*** Opening of Data supplied ***

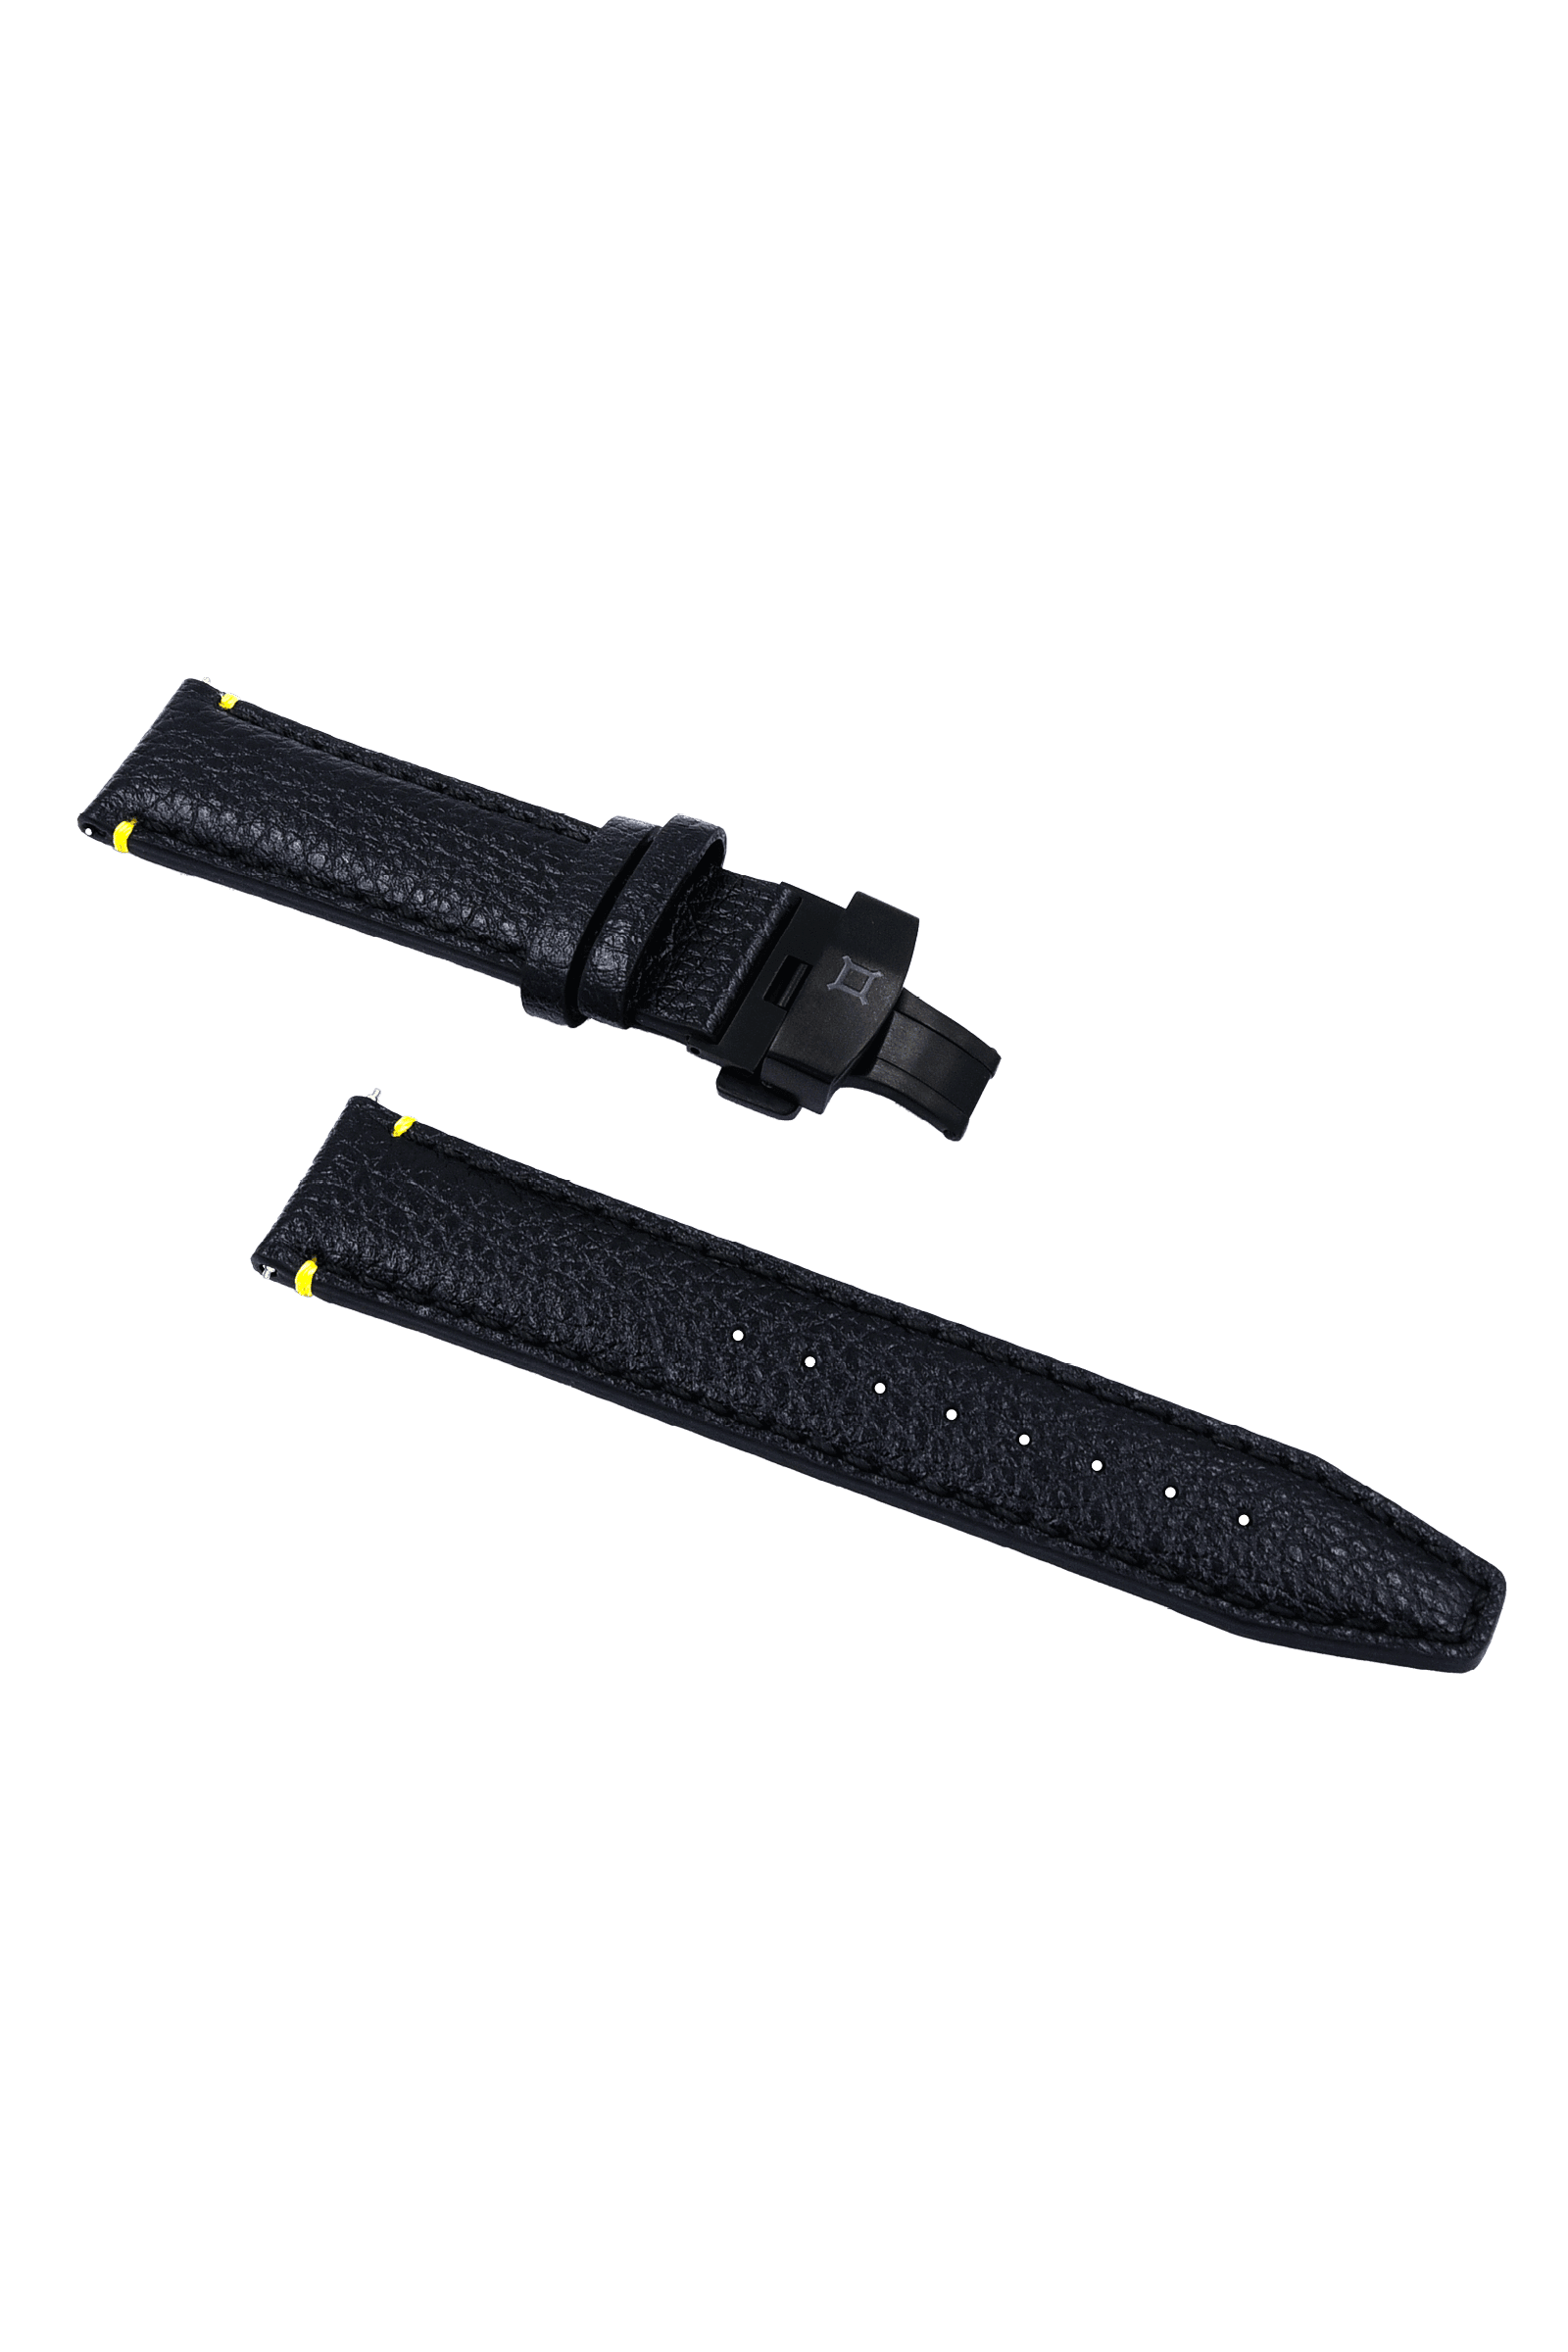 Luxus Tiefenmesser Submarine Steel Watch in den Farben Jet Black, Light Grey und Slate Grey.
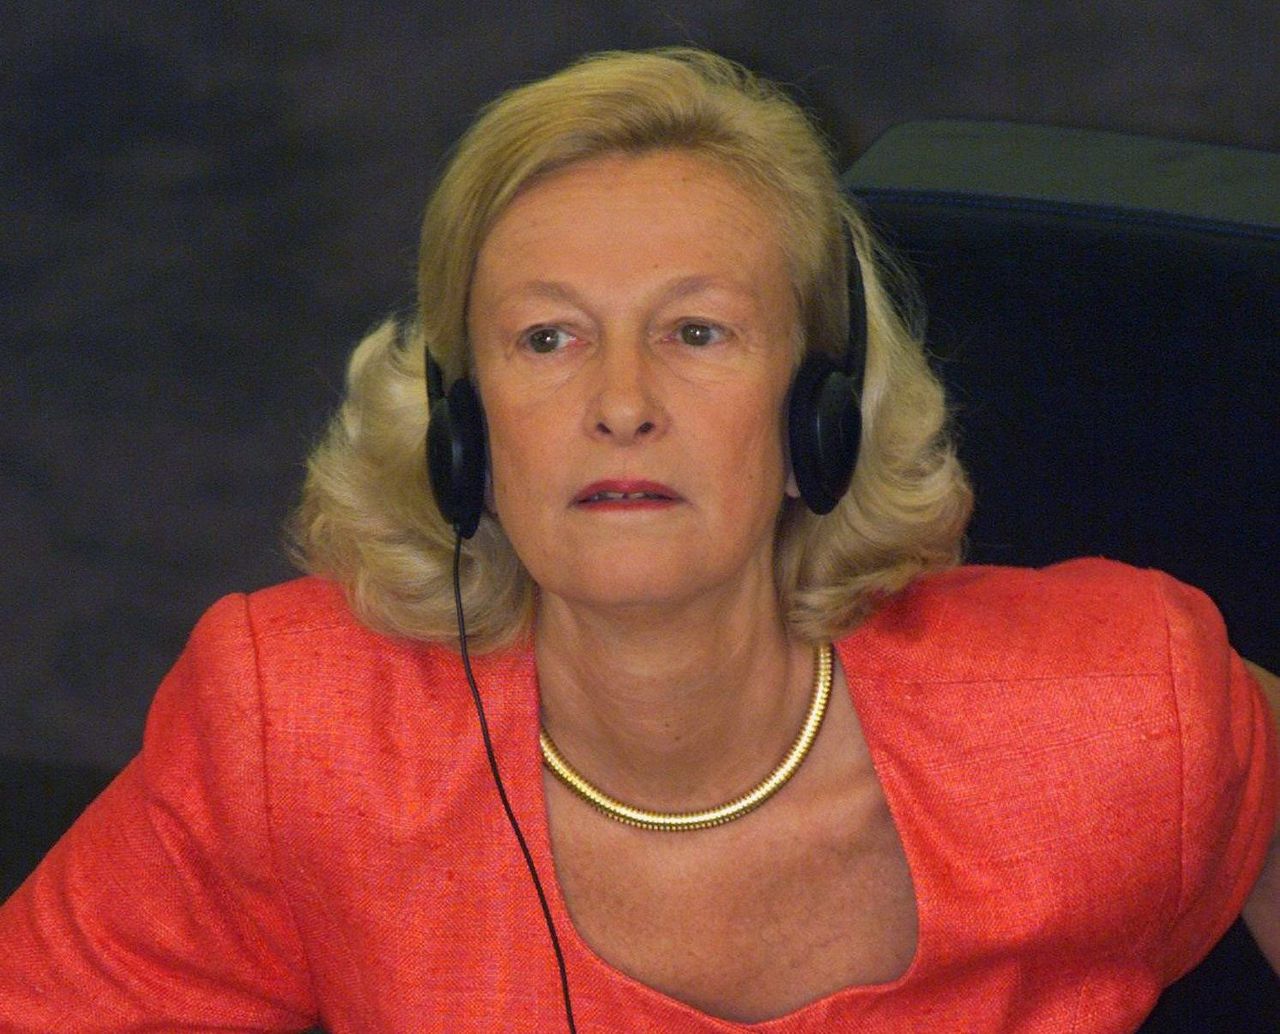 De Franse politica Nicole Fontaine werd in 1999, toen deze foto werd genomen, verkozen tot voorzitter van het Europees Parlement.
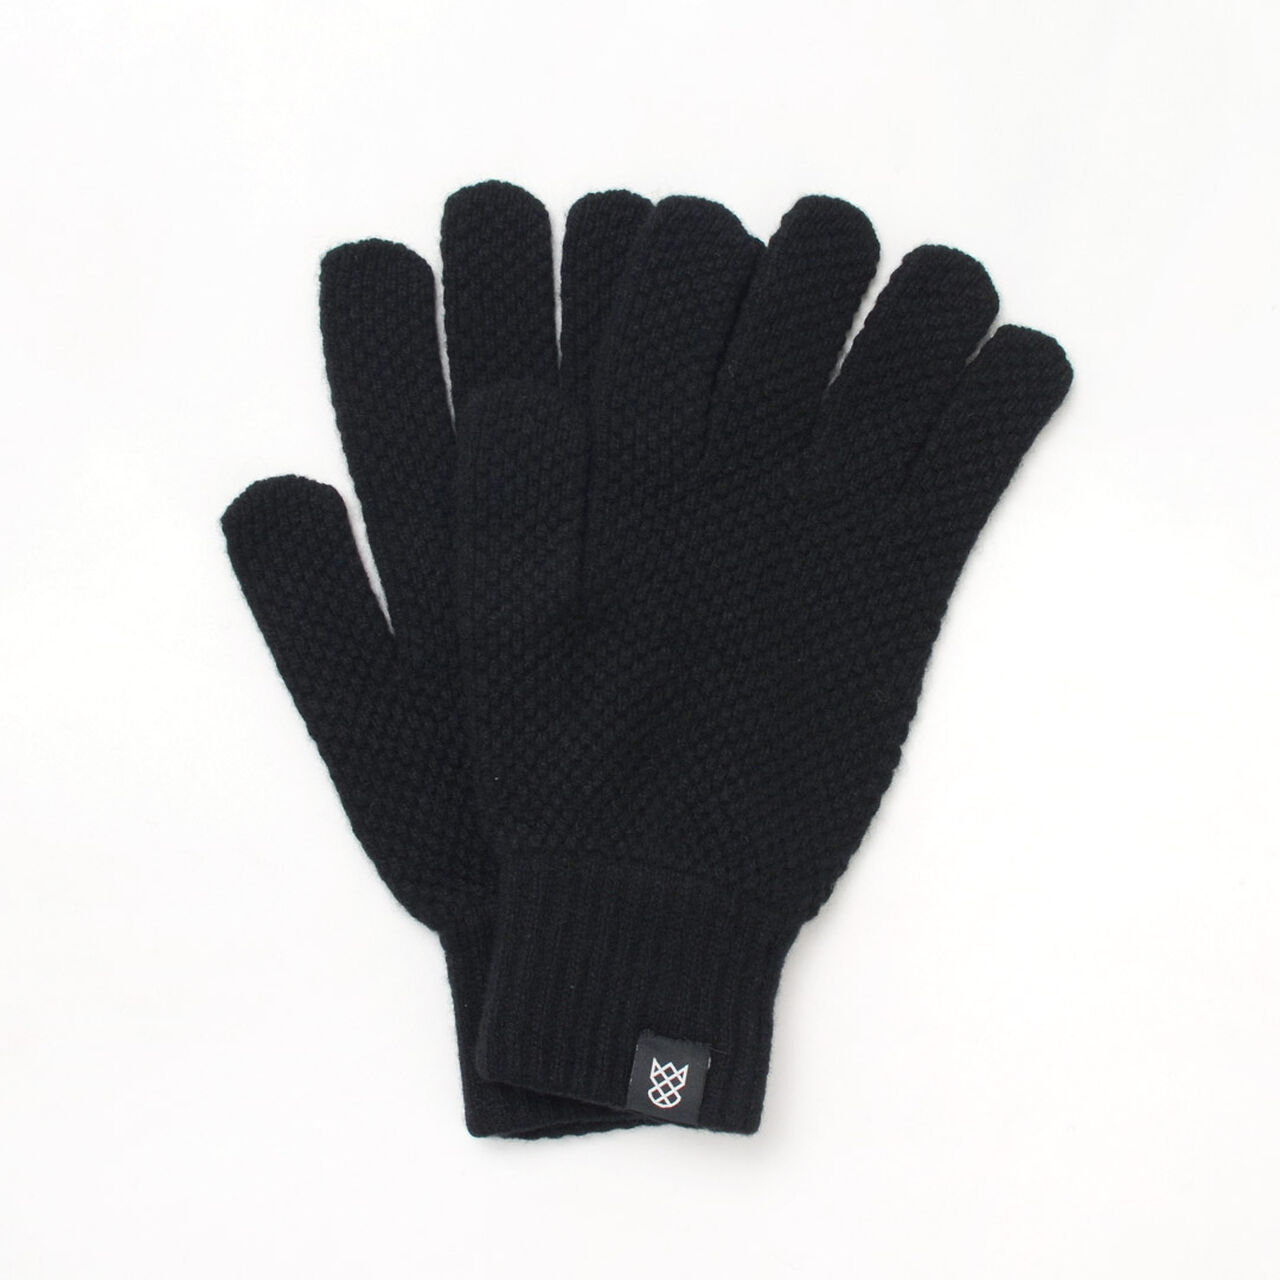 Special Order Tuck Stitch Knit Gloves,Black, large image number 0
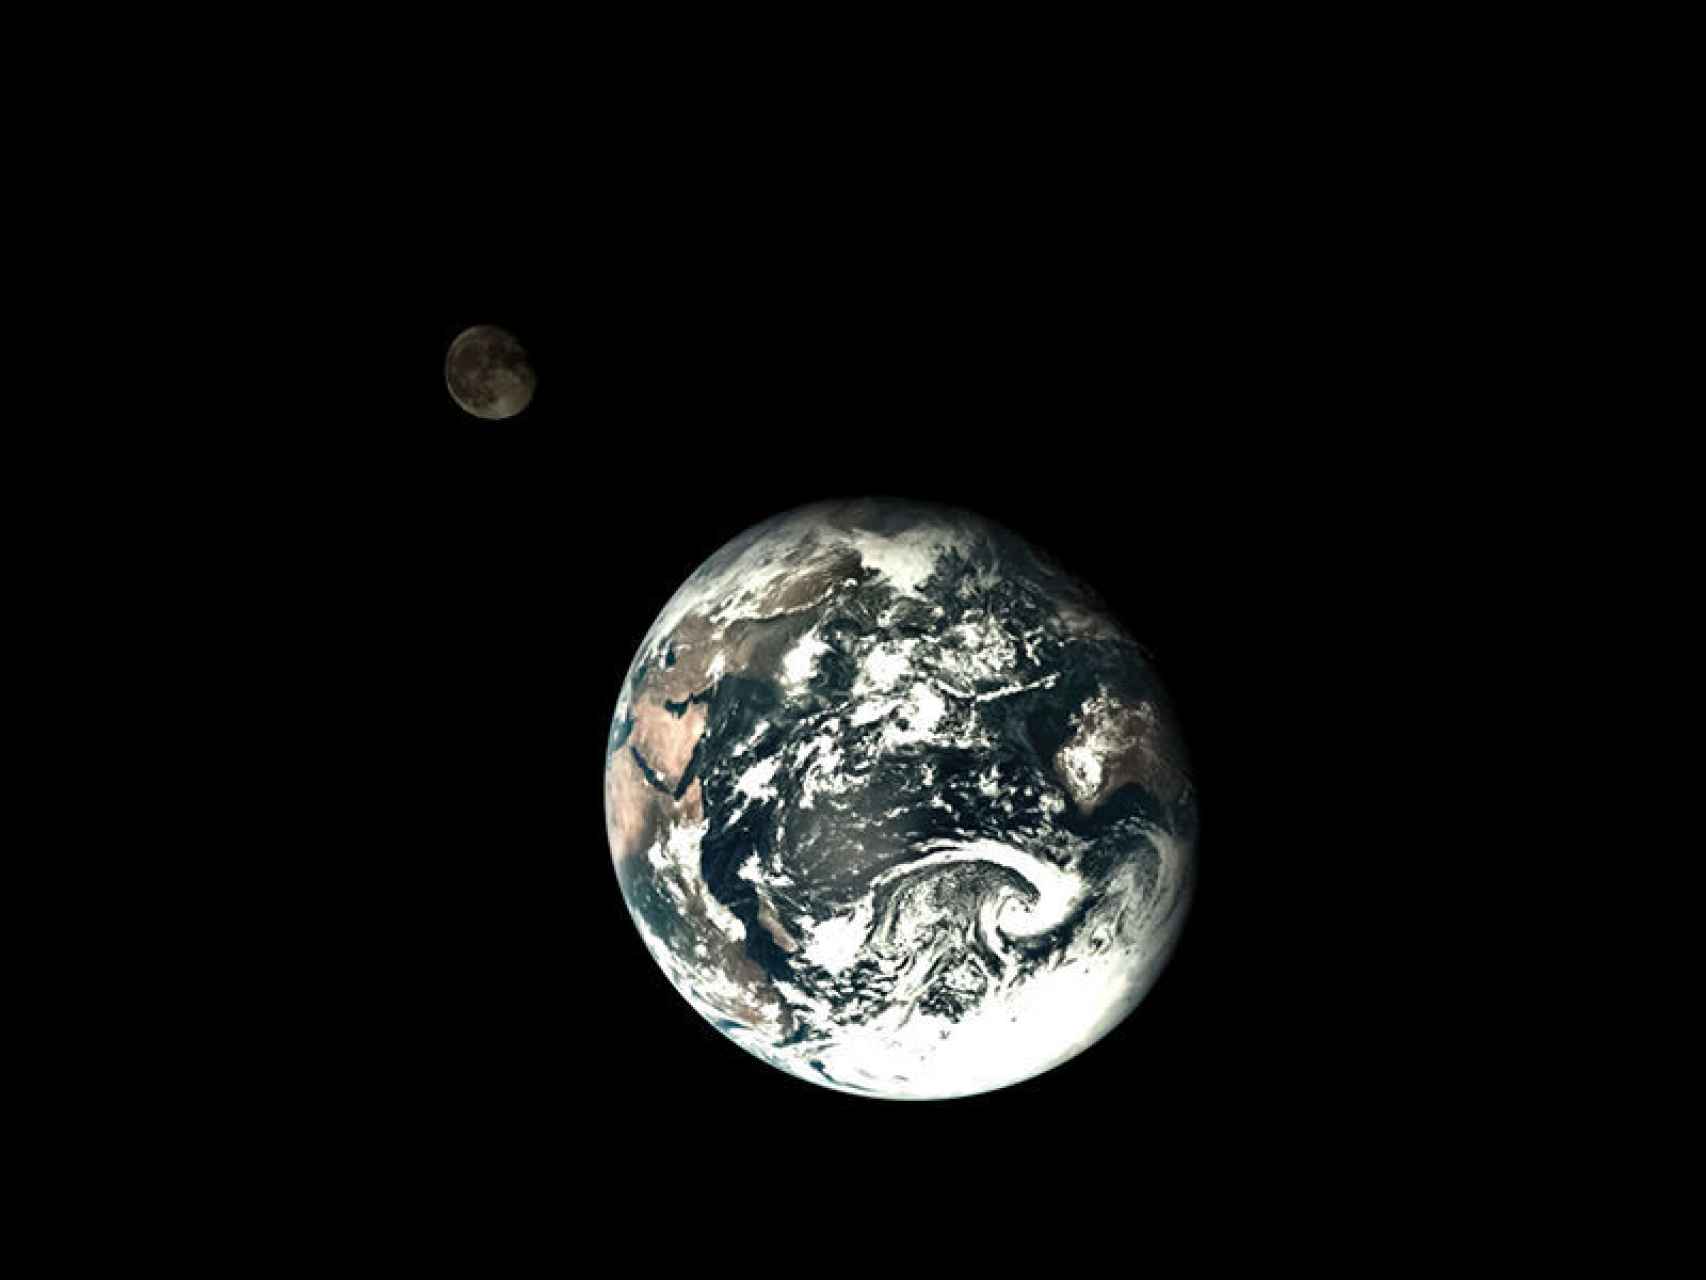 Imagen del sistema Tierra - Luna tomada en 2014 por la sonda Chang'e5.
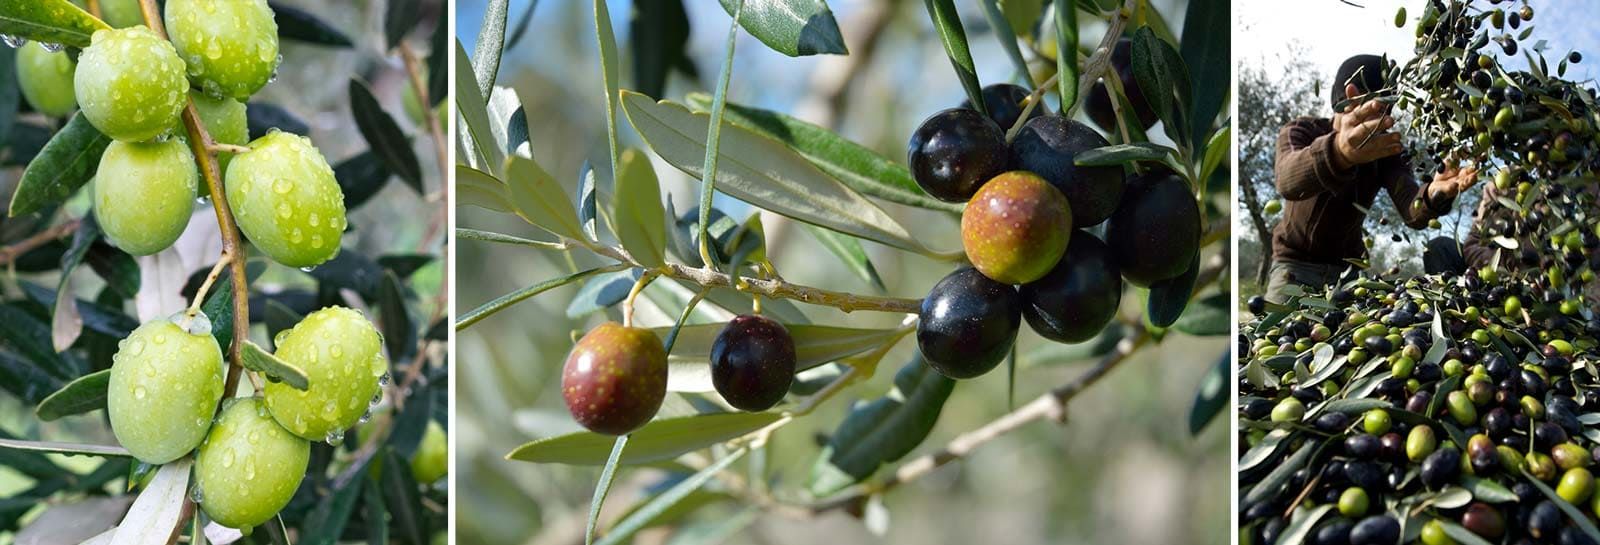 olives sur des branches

*** Close of Data supplied ***

Work item ▸ Retype the data shown above exactly, excluding any picture it contains.

Answer area ▸
 Luxus Tiefenmesser Submarine Steel Watch in den Farben Jet Black, Light Grey und Slate Grey.
 De Franse politica Nicole Fontaine werd in 1999, toen deze foto werd genomen, verkozen tot voorzitter van het Europees Parlement.
 Special Order Tuck Stitch Knit Gloves,Black, large image number 0
 Imagen del sistema Tierra - Luna tomada en 2014 por la sonda Chang'e5.
 olives sur des branches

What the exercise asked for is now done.